Why it looks right: "95%" and "confidence" naturally read as "95% probability."
What's actually wrong: In frequentist statistics, the true parameter is a fixed (unknown) number. The CI is random — it would be different in a different sample. The "95%" refers to the procedure: under repeated sampling, about 95% of the CIs so constructed would contain the true parameter. For any specific computed interval, the true value is either inside or outside (probability is 0 or 1, not 0.95).
Correct approach: Phrase it as "We are 95% confident (in the sense of the procedure's long-run coverage) that the interval [2.3, 5.1] contains the true mean difference." Or, for a probability statement about the parameter, use Bayesian credible intervals (different philosophy).
Hoekstra, Morey, Rouder & Wagenmakers (2014), Psychon. Bull. Rev. 21:1157-1164.
14. "p > .05 means there's no effect"
Scenario: Pilot trial (n = 15 per arm) finds p = .12 for the treatment vs. control difference. Conclusion: "Treatment has no effect."
Why it looks right: p > .05; "not significant"; move on.
What's actually wrong: "Absence of evidence is not evidence of absence" (Altman & Bland, 1995). A non-significant result with a small sample is uninformative about whether the effect is zero or meaningful. Your 95% CI might span both "no effect" and "substantial effect."
Correct approach: Report the CI for the effect, not just the p-value. A CI of [−2, 10] for a mean difference tells you the data is consistent with everything from a small negative effect to a large positive one — a very different story from a CI of [−0.2, 0.3].

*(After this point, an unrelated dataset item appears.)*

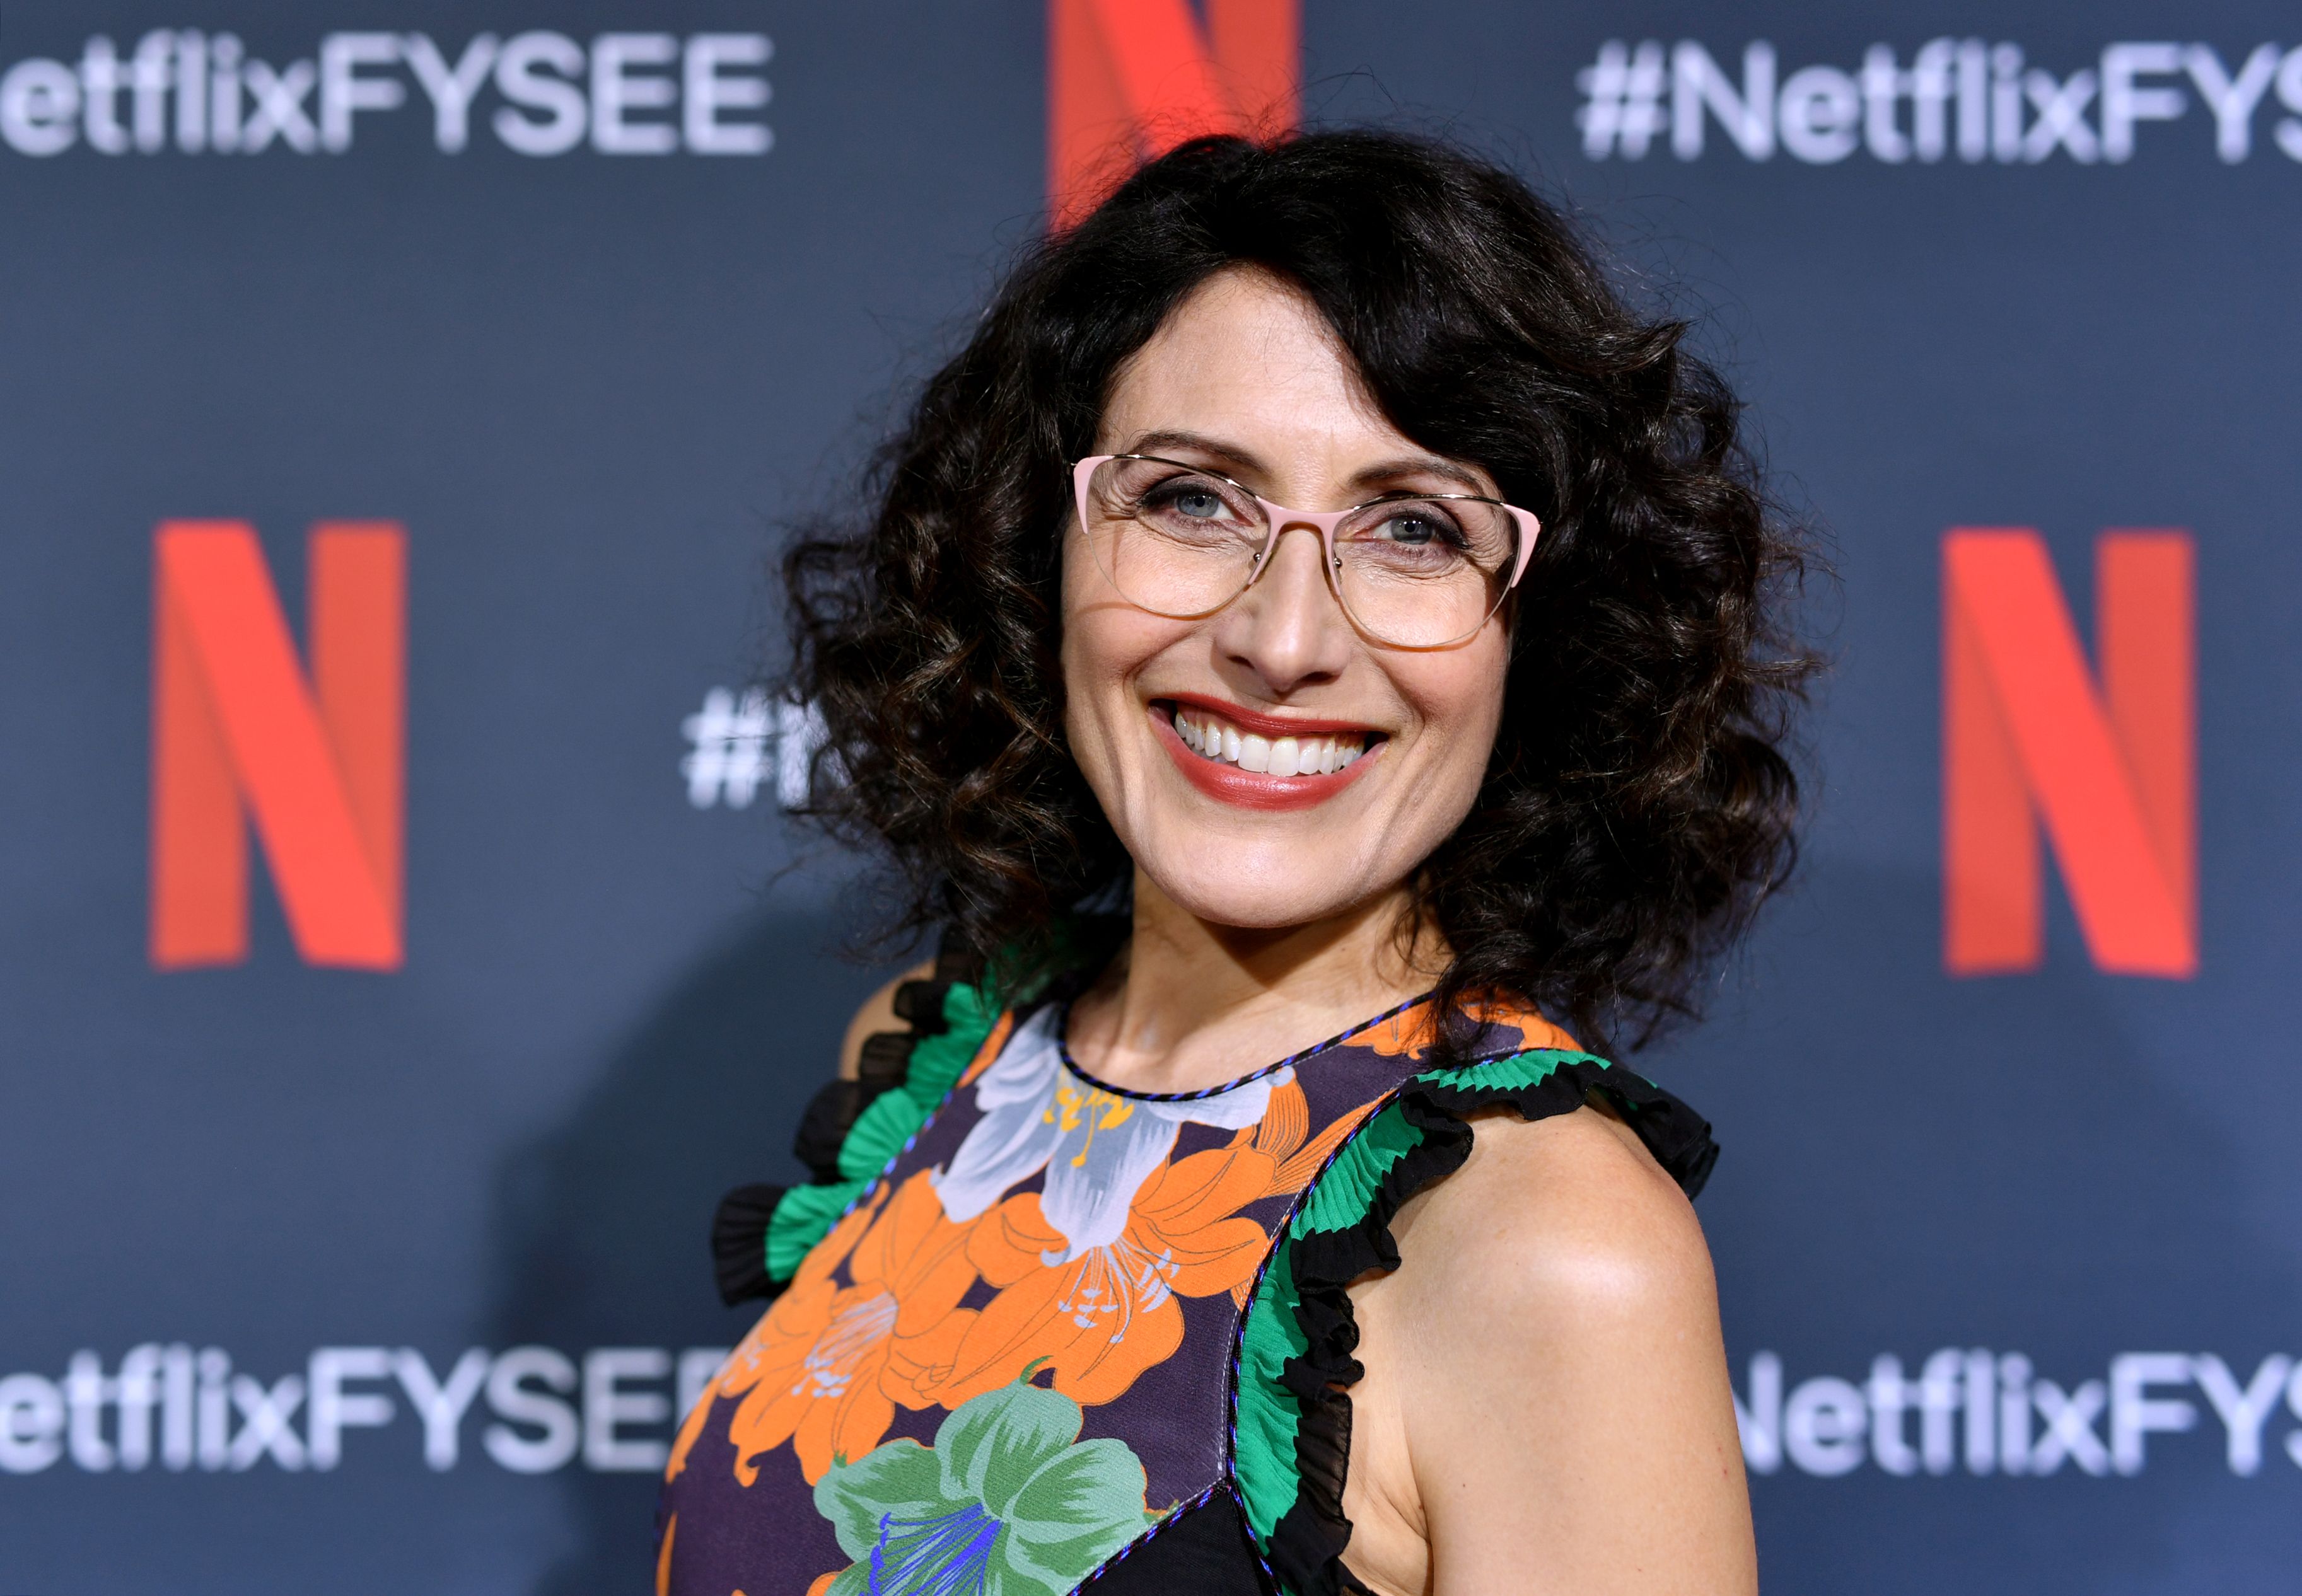 Lisa Edelstein attends the Netflix FYSEE Scene Stealer Panel at Raleigh Studios on May 30, 2019 in Los Angeles, California. | Source: Getty Images

Altman & Bland (1995), BMJ 311:485.
15. Misinterpreting regression to the mean
Scenario: Highest-BP patients are given a new drug. At follow-up their BP has dropped. Conclusion: "The drug worked."
Why it looks right: BP went down after the drug, in patients selected for high BP. Clean pre-post comparison.
What's actually wrong: Patients selected for being extreme on a noisy measurement will, on repeat measurement, tend to be less extreme even with no intervention. This is regression to the mean, and it produces a pre-post drop whether or not the drug has any effect. Without a control group, you cannot separate RTM from the real effect.
Correct approach: Use a randomised control group. Compare the change in treated patients to the change in untreated controls (both selected with the same criterion). The difference-in-differences isolates the treatment effect.
Bland & Altman (1994), BMJ 308:1499. Galton (1886), "Regression toward mediocrity in hereditary stature."